Recently proposed legislation such as the Data Broker Accountability and Transparency Act of 2017, and the Freedom from Equifax Exploitation (FREE) Act, require notice to be given to the consumer that a breach has occurred and prevent fiduciaries such as credit reporting agencies to profit from consumer’s data, respectively.
Additionally, victims of the breach are being given free credit reports and freezes. However, these post-breach remedies seem to be closing the stable door after the horse has bolted. If the objective is to prevent breaches, perhaps consequences for allowing such security breaches should be more punitive.
Although Equifax was ordered to pay almost six hundred million, consider that nearly one hundred fifty million Americans were affected by the breach. That may be a long way from making the consumer whole after being left in financial ruin.
After all, Equifax and other keepers of sensitive financial and personal information are fiduciaries. They have a duty to keep this information secure. A breach of this duty can, and will most definitely, wreak havoc on the consumer’s life and should lead to consequences for the fiduciary. By this I mean actual damages.
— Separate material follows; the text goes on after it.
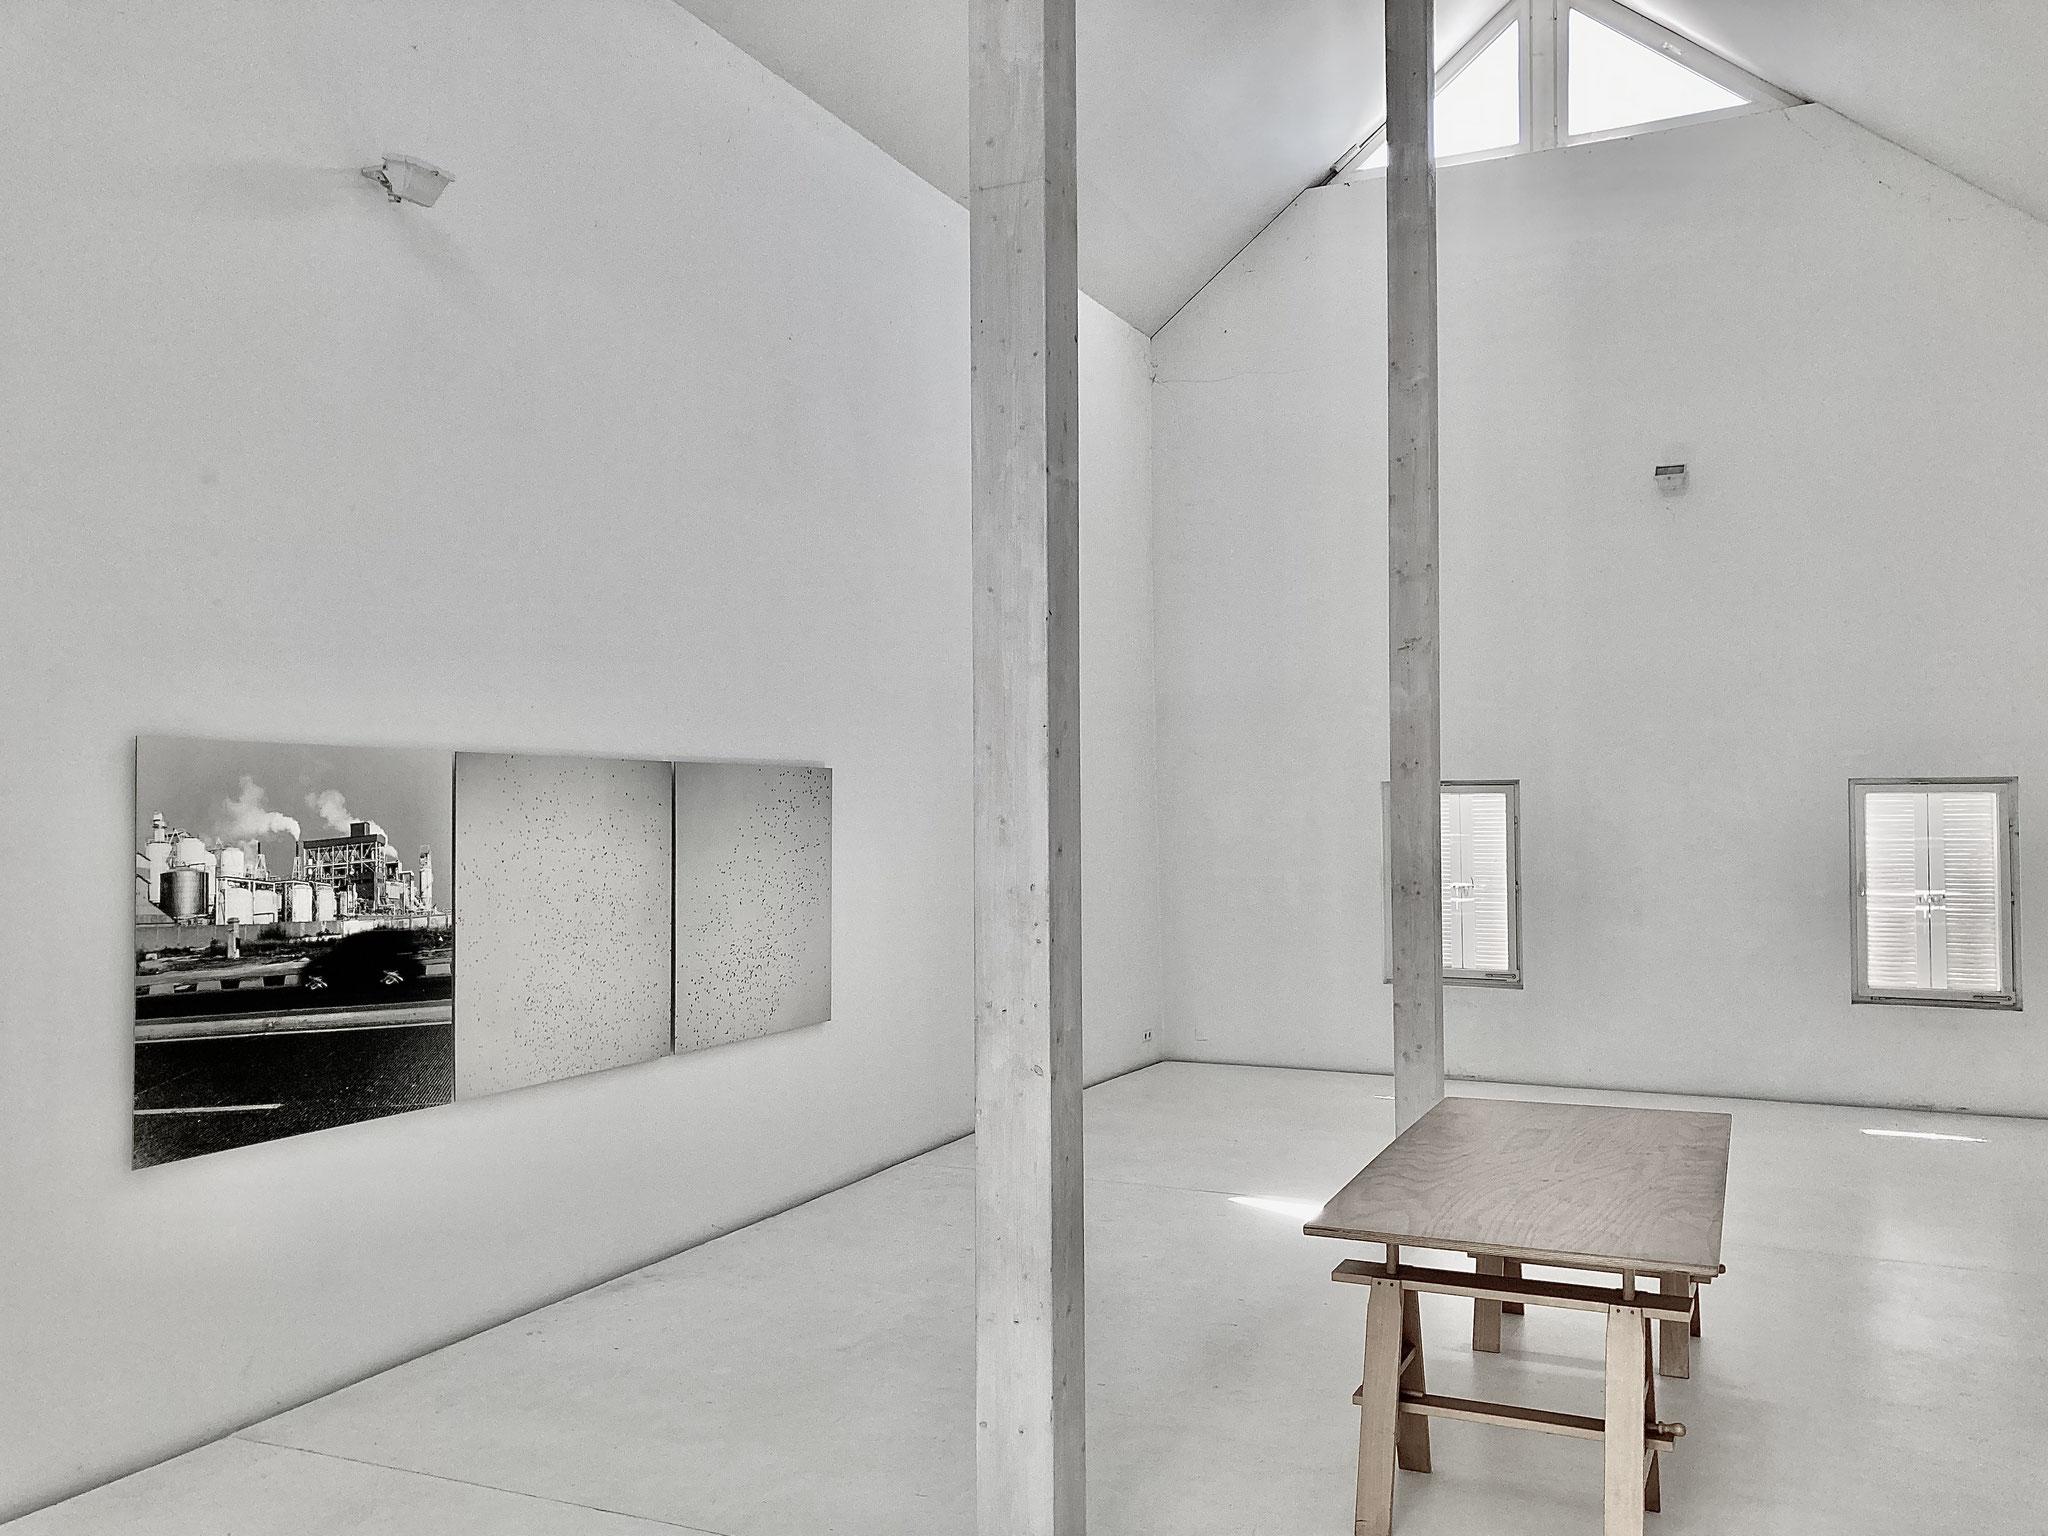 © Uwe H. Seyl exhibition view Brigitte March Stuttgart 2021
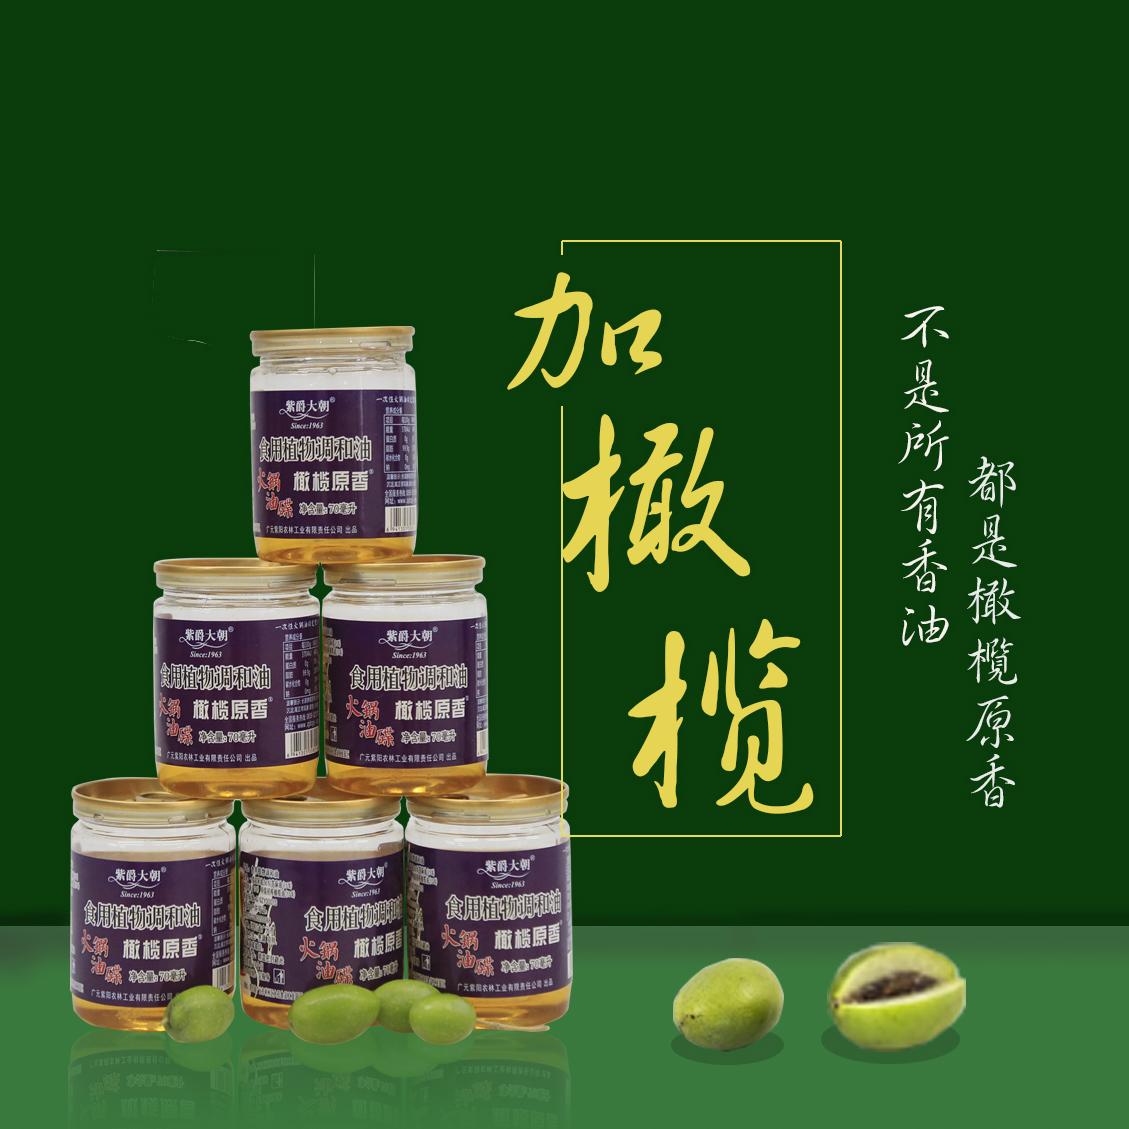 橄榄原香(紫皮)易拉罐装

Under Louisiana law, breach of contract allows recovery of documented damages. Negligence allows recovery of documented damages. True, Equifax was ordered to pay damages. However, the damages were capped at twenty thousand for an individual consumer. Why? An agency entrusted with a consumer’s sensitive information should not be exempt from paying damages that are measurable and tangible.
After all, “Every act whatever of man that causes damage to another obliges him by whose fault it happened to repair it.”